Of course, these cases pale in magnitude to George Floyd or Brittany Dunn, but the negative impact to those involved was substantial.

Further Reading: What are Some Famous Cases of Police Misconduct?

How Does a Cop Lose Qualified Immunity? 

I literally gasped when I learned about all of the cases that were dismissed due to qualified immunity. It seems so unfair!

This skewed favor is in place because, to win a case against a cop, you must unequivocally demonstrate that a well-known, clearly established constitutional right has been violated. This is harder than it appears, but three conditions might warrant a judge to deny qualified immunity to a public official.

First, there must have been at least one previous case that set precedence for removing qualified immunity.  This happened in November 2020 when two officers were denied qualified immunity protection after they tased, punched, and kick an unarmed, schizophrenic man who was having a mental crisis.  Even though the man was not charged with a crime, he suffered 8 minutes of physical abuse, incurred 26 blunt-force injuries, and died two days later in a hospital. The courts determined the officers used excessive force on the victim. Because previous courts had ruled that excessive force was a cause to deny qualified immunity, the Fifth Circuit U.S. Court of Appeals followed suit and did not grant immunity to those officers.

Of course, there is not always direct precedence.  When that happens, immunity can be removed if there is an undeniable correlation between two cases. This happened when the Supreme Court heard a case where prison guards handcuffed Alabama inmates to a hitching post in the middle of summer.  The inmates were sunburned and only given limited water.  While there had never been a case about handcuffing people to a hitching post, there have been previous cases about malicious acts of violence. Because this case was “materially similar” to others, immunity was withheld according to the color of the law.

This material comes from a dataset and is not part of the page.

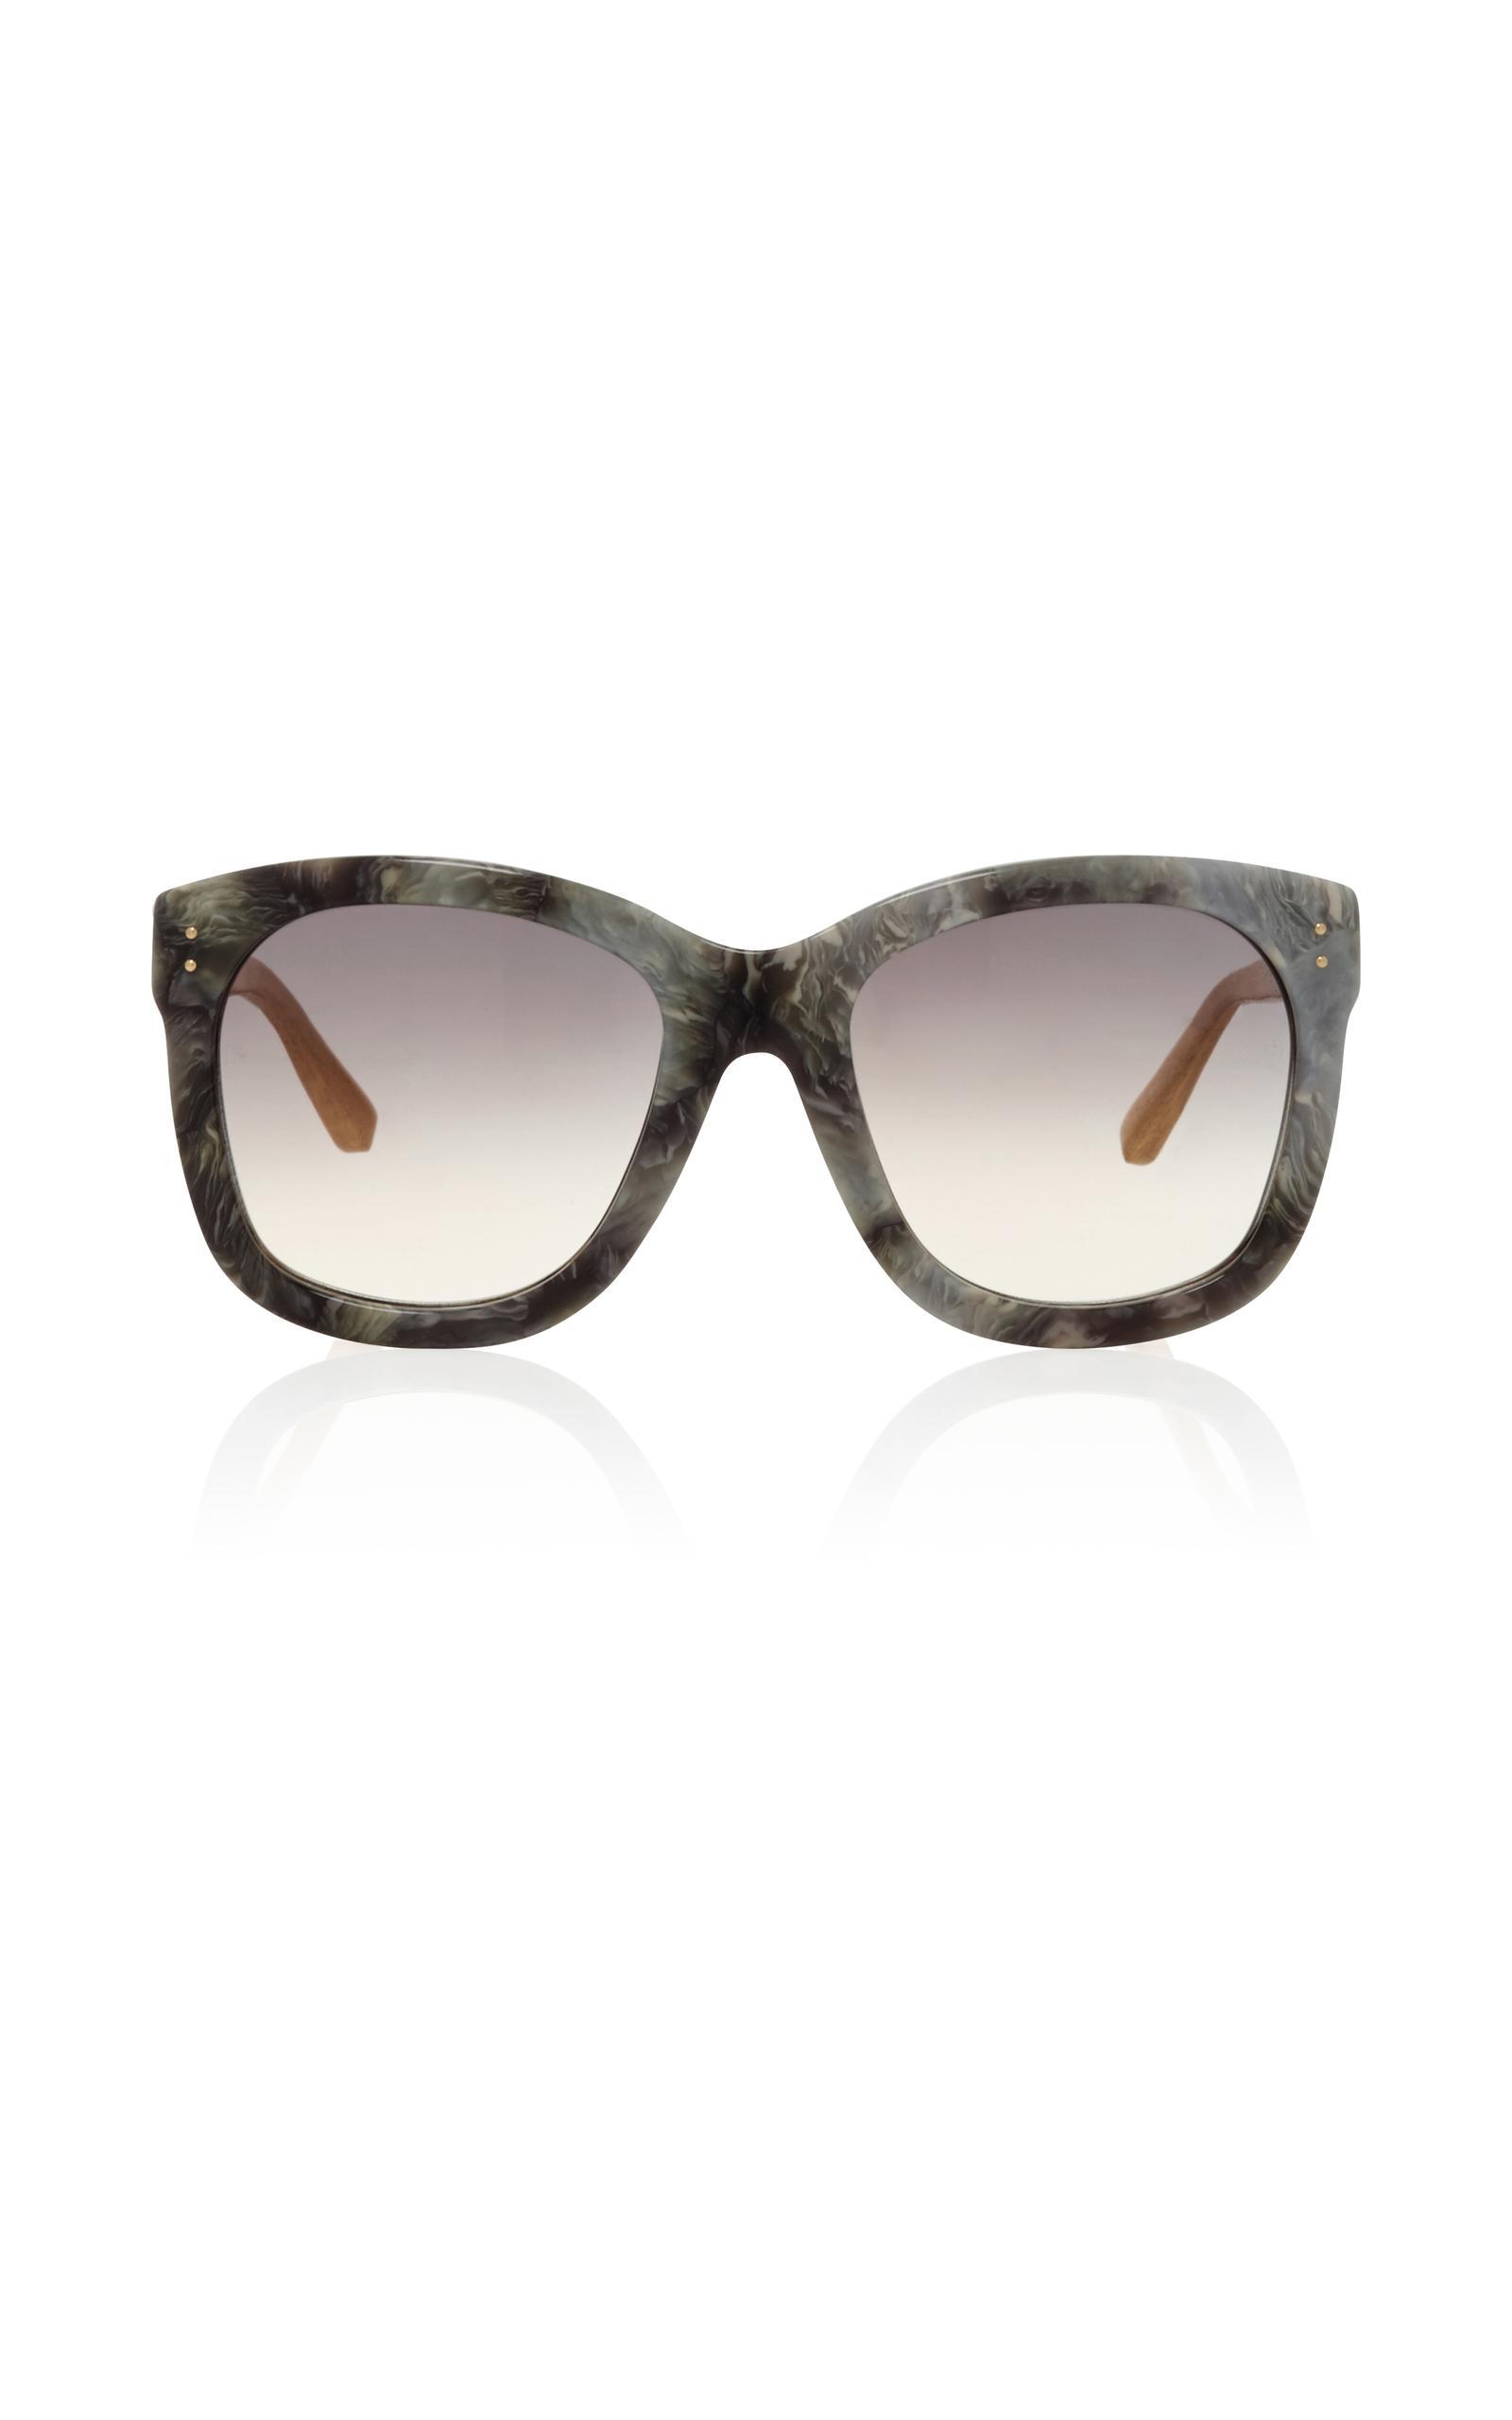 2638e519bf Lyst - Linda Farrow Grey Marble Sunglasses in Gray

The last condition is virtually never met.  In this case, constitutional verbiage must be explicitly clear and require no interpretation. This is rare. There are very few explicit constitutional rules.  The only clear law that comes to mind is “a president must be at least 35 years old.” There is no way that law could be debated; however contested immunity is often complicated, so this condition can’t apply.

Conclusion – Do Police Have Qualified Immunity?

There are only a few circumstances when a court does not allow qualified immunity.  If you watch any cop show, you’ll recognize them.  They are false arrest, malicious prosecution without probable cause, and use of excessive force or violence.  Still, we all know there are plenty more situations that should justify legal action against the police. Misconduct is obvious, but the courts have made it too difficult to sue or convict officers for unlawful behavior.

I believe the pendulum has shifted back to post-Civil War era policing.  We’re seeing police officers use unwarranted violence against people, and the brutality often is focused on minorities.

While once justified, it looks as if qualified immunity has strayed from its intended purpose.  Petty lawsuits are no longer an issue, and unfortunately, compelling legal actions are being denied because of the 1967 doctrine. Perhaps it’s time to make laws that would reflect post-Civil War times because we need protection from power-hungry officers.

It goes without saying that qualified immunity needs scrutiny and giving allowances for civil suits would limit the actions of incompetent, violent police officers. We just can’t regress to living in a forcefully governed society.  People who are mistreated need compensation for their abuse.

Do police have qualified immunity?  Yes.  Should they?  Sometimes, but not as often as it is granted in today’s courts.